4. Il résulte de l’instruction, que pour déterminer la valeur de l’avantage accordé aux associés, le service a, au stade de la proposition de rectification, comparé, d’une part, le loyer moyen encaissé par la société requérante tel que résultant de ses locations saisonnières bénéficiant à des tiers en appliquant une réfaction de 50 % et d’autre part, le loyer moyen de trois biens comparables donnés en location sur la même commune. Il a ensuite choisi le loyer au m² le moins élevé des deux méthodes d’évaluation et l’a décliné sur les périodes de mise à disposition aux associés durant les exercices litigieux. Postérieurement à la saisine de la commission départementale des impôts directs et de taxe sur le chiffre d’affaires et à l’exercice de la réclamation, le service a fait droit aux griefs de la société en appliquant des taux d’abattements modulables selon les saisons en appliquant un taux de réfaction de 45 % pour les mois de juin et septembre, de 53 % pour les mois d’avril, mai et octobre et de 75 % pour les mois de novembre à mars, sur la base du rendement brut déterminé par la SCI BRI. Il a, par ailleurs, tenu compte d’autres abattements liés à la gêne occasionnée par des travaux. Par suite, le moyen tiré de ce que la méthode employée par le service serait erronée, radicalement viciée ou imprécise doit être écarté comme manquant en fait.

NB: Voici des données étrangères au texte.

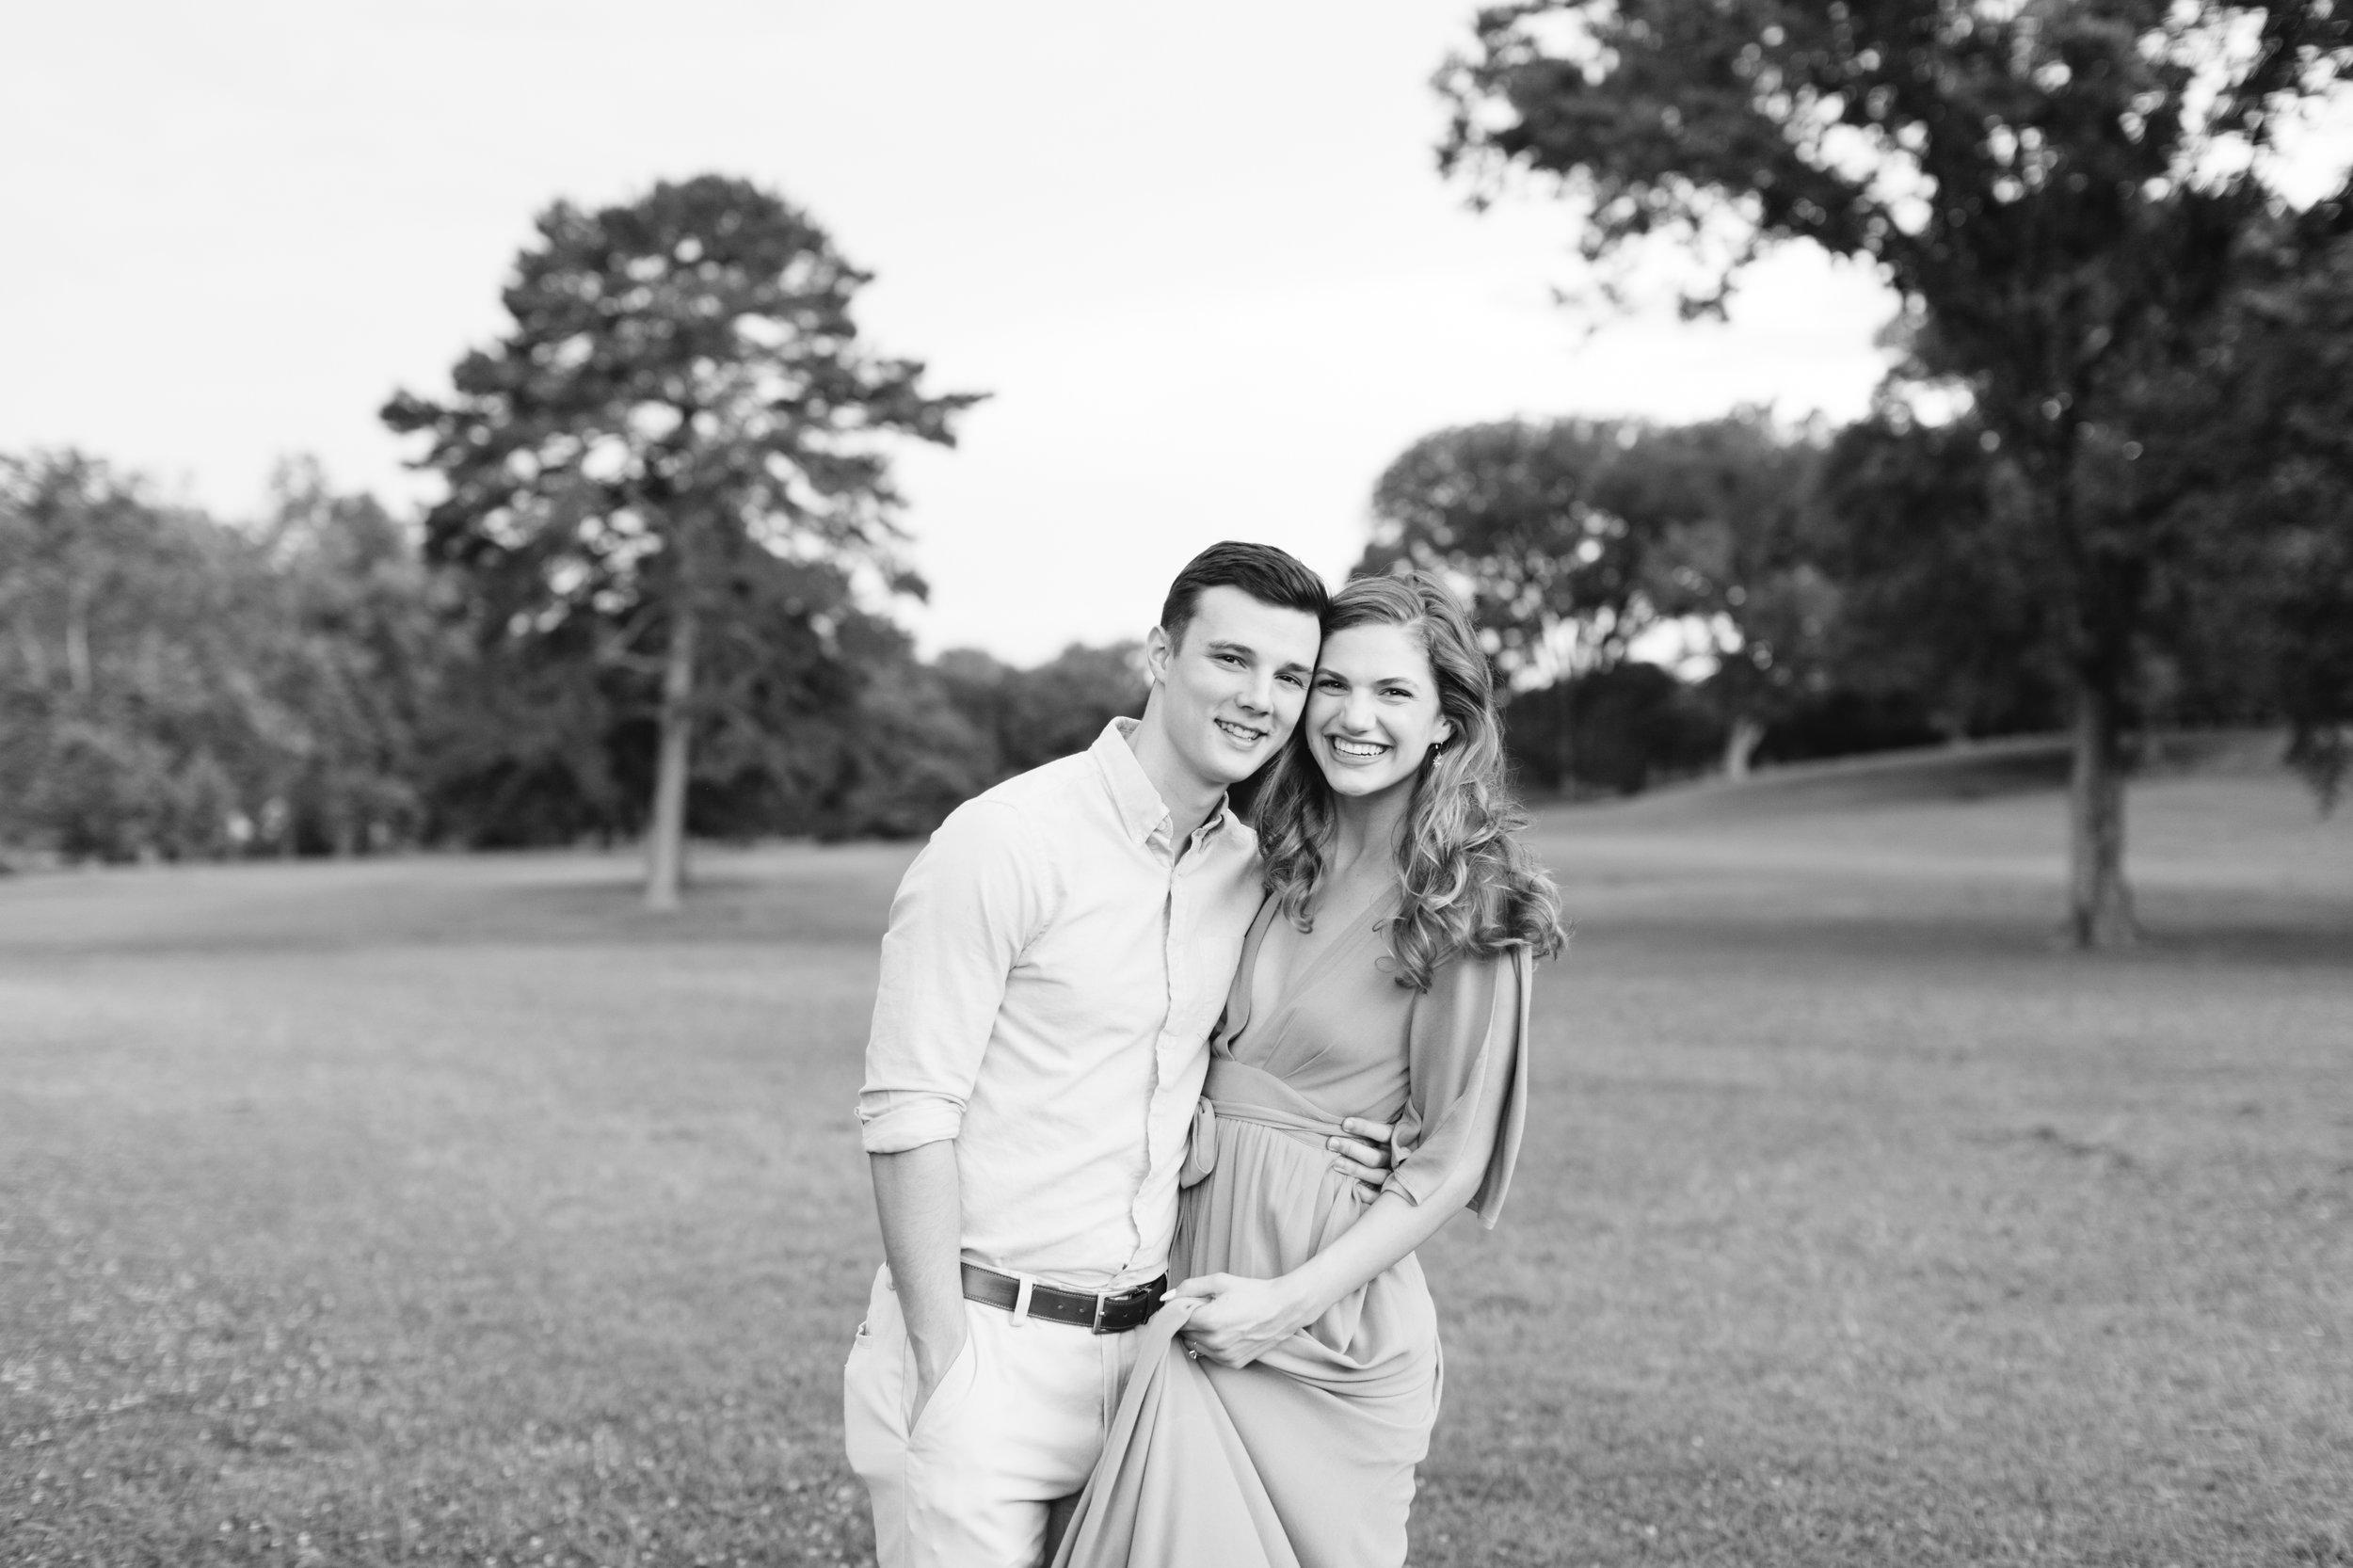 Rachel_Brandon_Engagement_Photos_Knoxville_Abigail_Malone_Phography-102.jpg

En ce qui concerne le taux d’abattement de 25% appliqué au titre de l’année 2012 :

5. Comme il a été dit précédemment, il résulte de l’instruction que l’administration a suivi l’avis de la commission départementale des impôts directs et des taxes sur le chiffre d’affaires en appliquant un taux de 10% demandé par la SCI pour l’année en litige. Si la société sollicite l’application désormais d’un taux de 25%, elle ne produit pas de justificatifs permettant sérieusement de remettre en cause le taux qu’elle a elle-même proposé devant la commission départementale et qui a finalement été appliqué par l’administration fiscale. Le descriptif des travaux envisagés tel qu’il apparaît dans le courrier du 28 février 2011 délivré par le maire de St Jean Cap Ferrat se limite à confirmer à la SCI qu’elle bénéficie d’un accord tacite de non opposition depuis le 16 février 2011 et qu’en l’absence d’un accord tacite au titre du code de l’environnement elle ne peut mettre en œuvre les travaux mentionnés dans le courrier. Au surplus, d’une part, les travaux concernent essentiellement des éléments « extérieurs » qui ne sont pas de nature à entrainer un trouble de jouissance tel que la villa n’aurait pas pu être utilisée. D’autre part, les factures produites concernent certes la SCI BRI, mais sans qu’il soit possible de déterminer le lieu des travaux et de s’assurer qu’ils ont effectivement concerné la villa Solanam. Par suite, le moyen est écarté.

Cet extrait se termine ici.